You need one of those next weekend...

Sent from my SCH-I545 using Tapatalk


----------



## hooked4life (Jan 25, 2012)

Yakavelli said:


> You need one of those next weekend...
> 
> Sent from my SCH-I545 using Tapatalk



Yep, and a nice spanish to go with it!


----------



## JD7.62 (Feb 13, 2008)

That one would have a chance of placing next Saturday. Youre kicking ass out there already man, good job!!!


----------



## hooked4life (Jan 25, 2012)

JD7.62 said:


> That one would have a chance of placing next Saturday. Youre kicking ass out there already man, good job!!!



Thanks bud! Hope I'm taking a bigger one to shoreline next weekend for weigh in. See ya Friday.


----------



## badonskybuccaneers (Aug 19, 2013)

Congrats on the catch- good luck next weekend!


----------



## Ga Transplant (Feb 26, 2012)

Good way to spend the day. Fish-on. GT


----------



## Jason (Oct 2, 2007)

That's good times!!! Good job and hope fer good results next weekend!!!!


----------



## JD7.62 (Feb 13, 2008)

Looking at the long range forecast...I dont think any of us are getting offshore Saturday. South East winds 10-15+ starting Wed and blowing every day till Saturday with an even windier forecast is going to have that surf ROLLING. Last year we had crappy forecast leading up to the tournament but it ended up being beautiful, lets hope that happens again this year!

If not, us offshore guys better be brushing up on our abilities to fish in the mud!


----------



## Caddy Yakker (May 21, 2011)

JD7.62 said:


> Looking at the long range forecast...I dont think any of us are getting offshore Saturday. South East winds 10-15+ starting Wed and blowing every day till Saturday with an even windier forecast is going to have that surf ROLLING. Last year we had crappy forecast leading up to the tournament but it ended up being beautiful, lets hope that happens again this year!
> 
> If not, us offshore guys better be brushing up on our abilities to fish in the mud!

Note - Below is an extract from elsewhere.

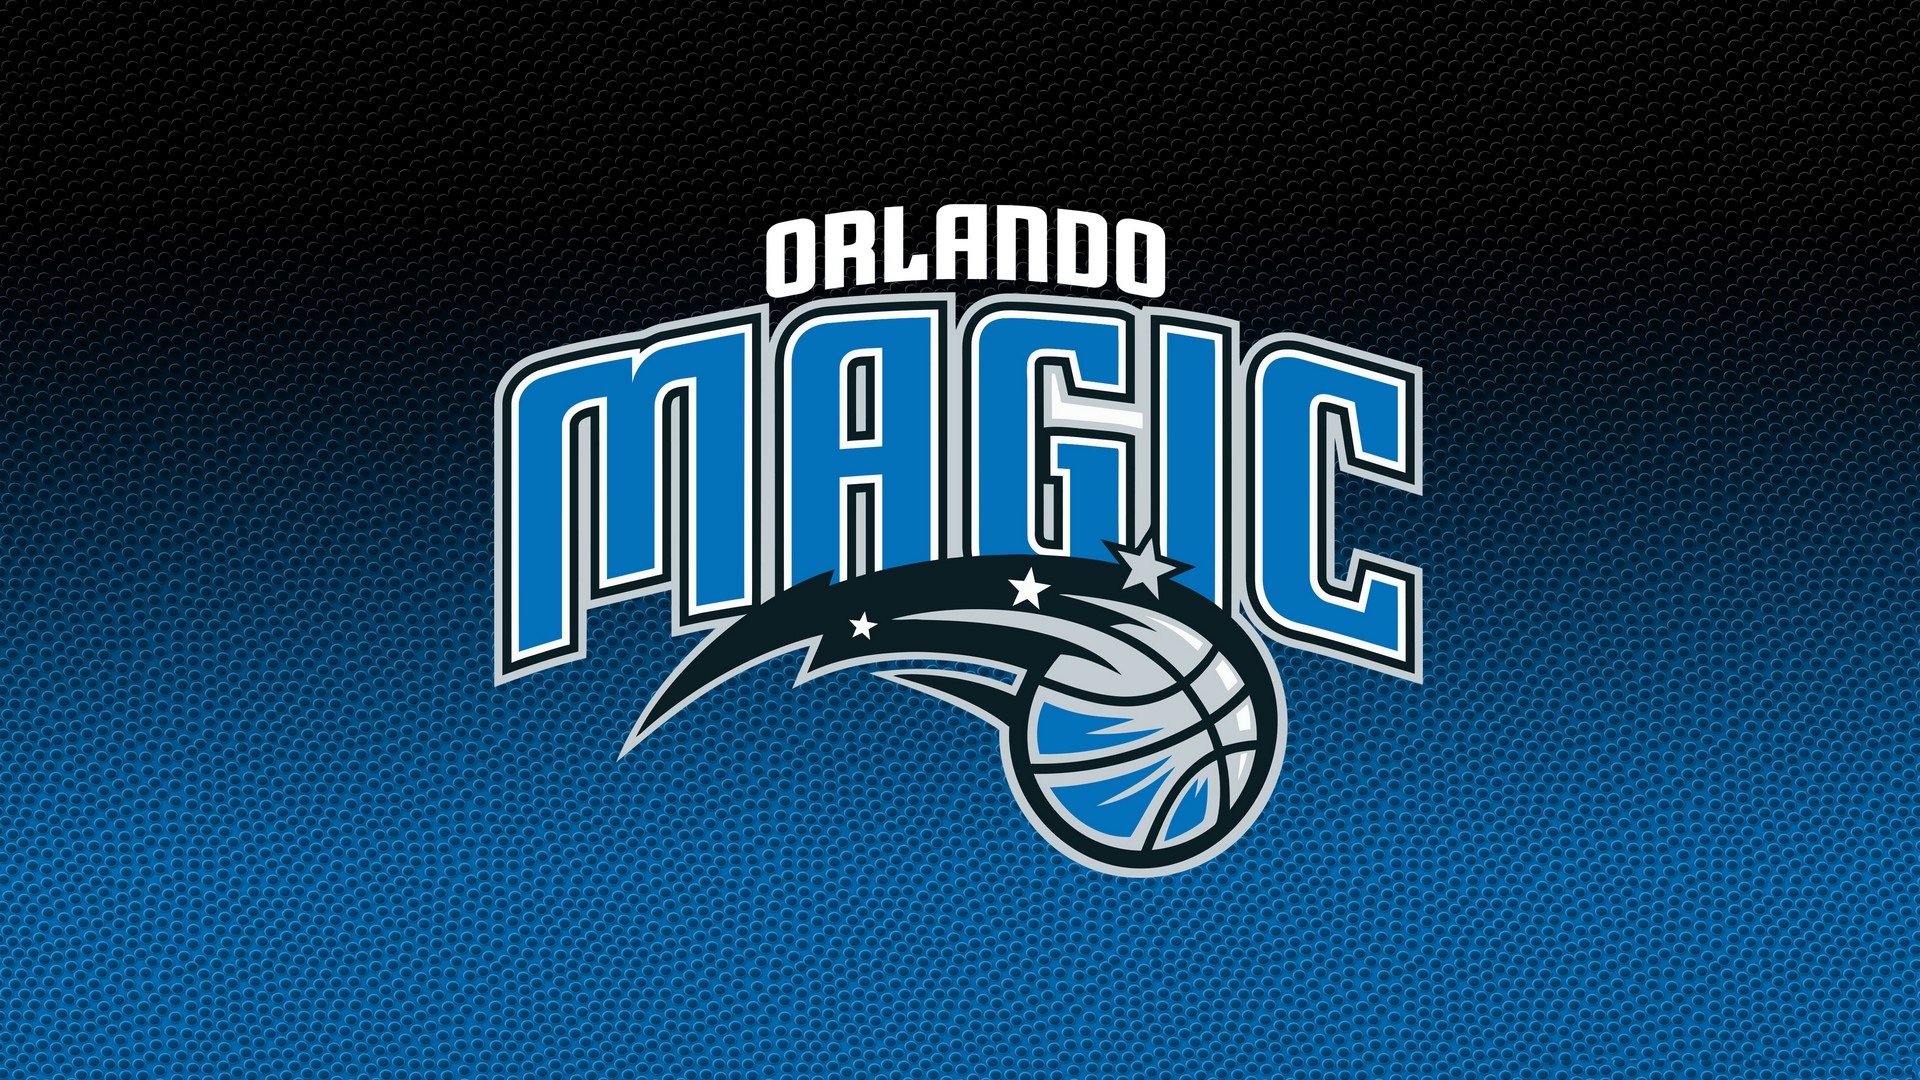 Orlando Magic HD Wallpapers with high-resolution 1920x1080 pixel. You can use this wallpaper for your Desktop Computer Backgrounds, Windows or Mac Screensavers, iPhone Lock screen, Tablet or Android and another Mobile Phone device

I already called it Jason they are gonna cancel offshore. We got luck a few yrs in a row. I might not even fish this yr if I'm right....


----------



## JD7.62 (Feb 13, 2008)

Even if they cancel offshore, and as long as the weather isnt crappy, I will still fish inshore. Besides, if its cancelled, at least I can get really drunk at the Captains meeting!


----------



## Caddy Yakker (May 21, 2011)

JD7.62 said:


> Even if they cancel offshore, and as long as the weather isnt crappy, I will still fish inshore. Besides, if its cancelled, at least I can get really drunk at the Captains meeting!


Yeah I'm still going to the captains meeting regardless!


----------